Commercial Business:

Launched 8 new products during the first quarter;
Athenex Pharmaceutical Division ("APD") currently markets 19 products in the U.S. with 32 SKUs; and
Athenex Pharma Solutions ("APS"), our 503(b) outsourced facility, currently markets 5 products with 23 SKUs.
First Quarter 2018 Financial Results:

Revenue for the three months ended March 31, 2018 was $37.8 million, an increase of $33.2 million, as compared to $4.6 million for the three months ended March 31, 2017. The increase was primarily attributable to $25.0 million in upfront license fees related to the collaboration agreement with Almirall, S.A., $8.6 million specialty products sold through our Commercial Platform, and $0.4 million in the sales of our 503B products. This was offset by decreases in other out-licensing fees of $0.5 million, contract manufacturing revenue of $0.2 million and API and medical device sales of $0.1 million.

Cost of product sales for the three months ended March 31, 2018 totaled $11.3 million, an increase of $8.5 million, as compared to $2.8 million for the three months ended March 31, 2017. This was primarily due to the increase of $7.2 million cost of product sales from the recently launched specialty products and $1.3 million cost of product sales from 503B and API products. The decrease in gross profit was primarily due to the impact of the costs incurred for the scale-up of production for new products in our 503B outsourcing facility.

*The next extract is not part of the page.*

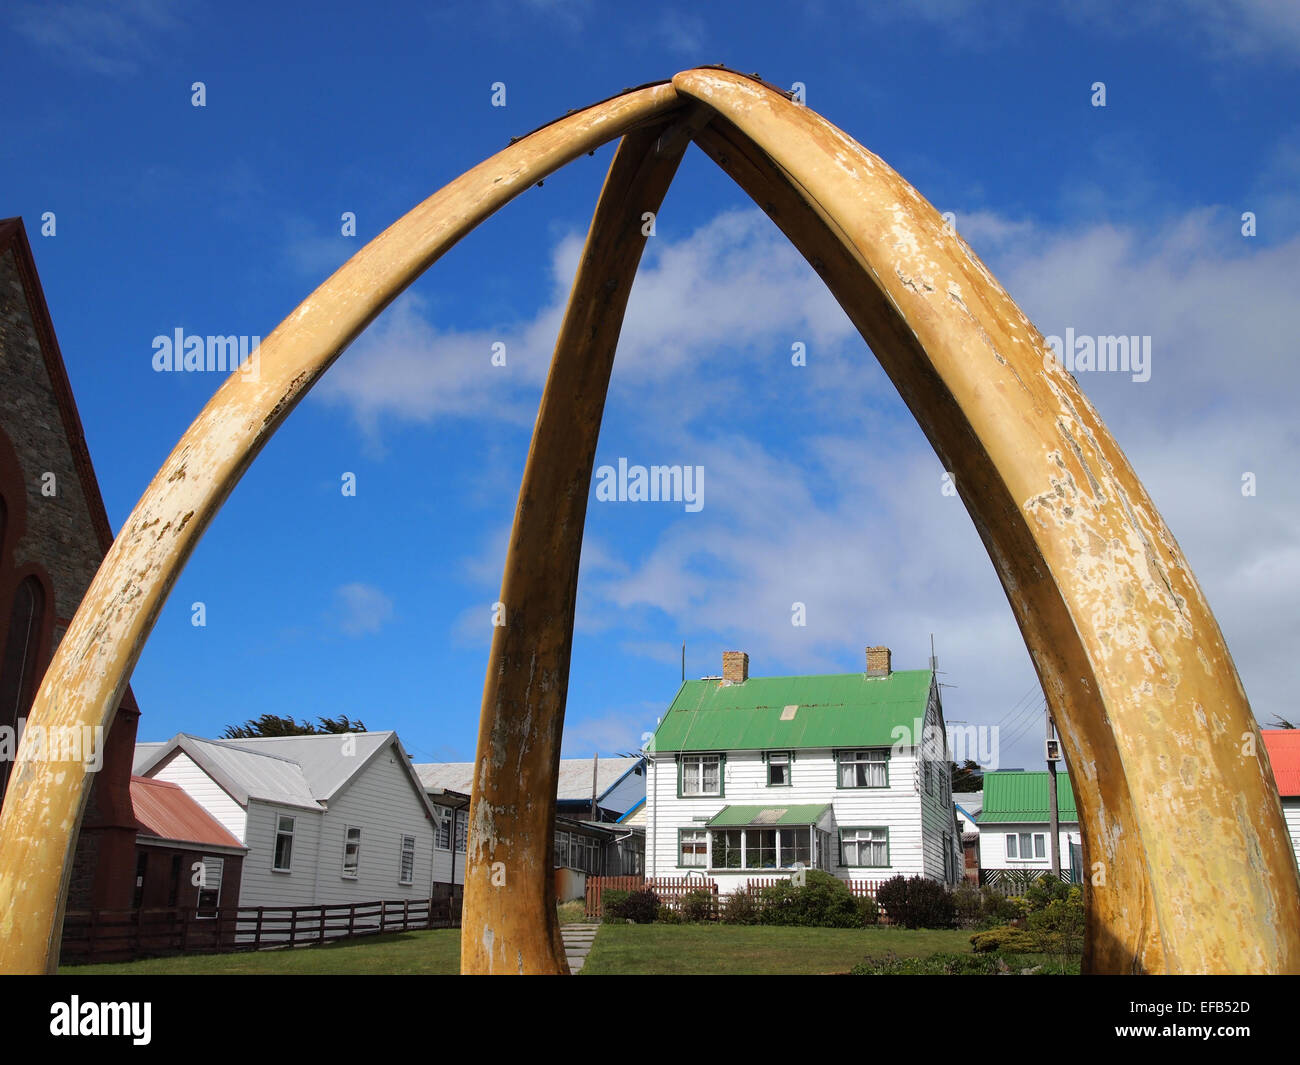 The famous whalebone arch at the Falkland Island capital of Stanley Stock Photo

Research and development expenses for the three months ended March 31, 2018 totaled $21.3 million, a decrease of $5.1 million, as compared to $26.4 million for the three months ended March 31, 2017. This was primarily due to $14.4 million decreased of drug licensing fees to Hanmi and Gland and offset by $6.9 million increase of clinical study costs for Phase III trials of Oraxol and KX-01 Ointment, $1.0 million increase of compensation expenses, $0.9 million increase of product development and supplies related to 503B products and $0.5 million increase in preclinical studies and API R&D expenses.

Selling, general and administrative expenses for the three months ended March 31, 2018, totaled $13.1 million, an increase of $3.3 million, as compared to $9.8 million for the three months ended March 31, 2017. The increase was primarily due to a $1.4 million increase of compensation expenses, $1.4 million increase of office expenses and professional fees and a $0.5 million increase of sales and marketing costs related to the launch of our proprietary products.

For the three months ended March 31, 2018, the Company incurred a net loss of $7.3 million compared to a net loss of $41.0 million a year ago.

Cash and cash equivalents and short-term investments totaled $106.5 million as of March 31, 2018, compared to $51.0 million as of December 31, 2017. This increase was due to an underwritten public offering of 4,765,000 shares of common stock in the first quarter of 2018, pursuant to which the Company raised net proceeds of $68.1 million, net of underwriting discounts, commissions and offering expenses and an upfront license fee payment of $30 million from Almirall. The Company believes that its existing cash and cash equivalents and short-term investments will be sufficient to fund current operating plans through approximately early-2019.

Outlook and Upcoming Milestones:

Clinical Platforms:

The enrollment of patients for Oraxol Phase III Clinical Trial is on target for the Company to be able to conduct a second interim analysis in the Oraxol KX-ORAX-001 Phase III clinical trial in the third quarter of 2018.
Expect topline data for Phase III KX2-391 Ointment studies to be available in the third quarter of 2018.

Commercial Business:

Full-year 2018 revenue in the range of $100 million to $125 million, inclusive of licensing-fee revenue associated with the partnership agreement with Almirall.
Corporate Updates:

Expect Dunkirk facility construction to be completed by the first quarter of 2019.
Conference Call and Webcast Information:

The Company will host a conference call and audio webcast on Monday, May 14, 2018 at 9:00 a.m. Eastern Time. To participate in the call, dial (855) 227-0567 (domestic) or (612) 979-9912 (international) fifteen minutes before the conference call begins and reference the conference passcode 9093904. A replay will be available approximately one hour after the recording through Monday, May 21, 2018 and can be accessed by dialing (855) 859-2056. The live conference call and replay can also be accessed via audio webcast at the Investor Relations section of the Company’s website, located at www.athenex.com. An archive will be available at this website until June 14, 2018.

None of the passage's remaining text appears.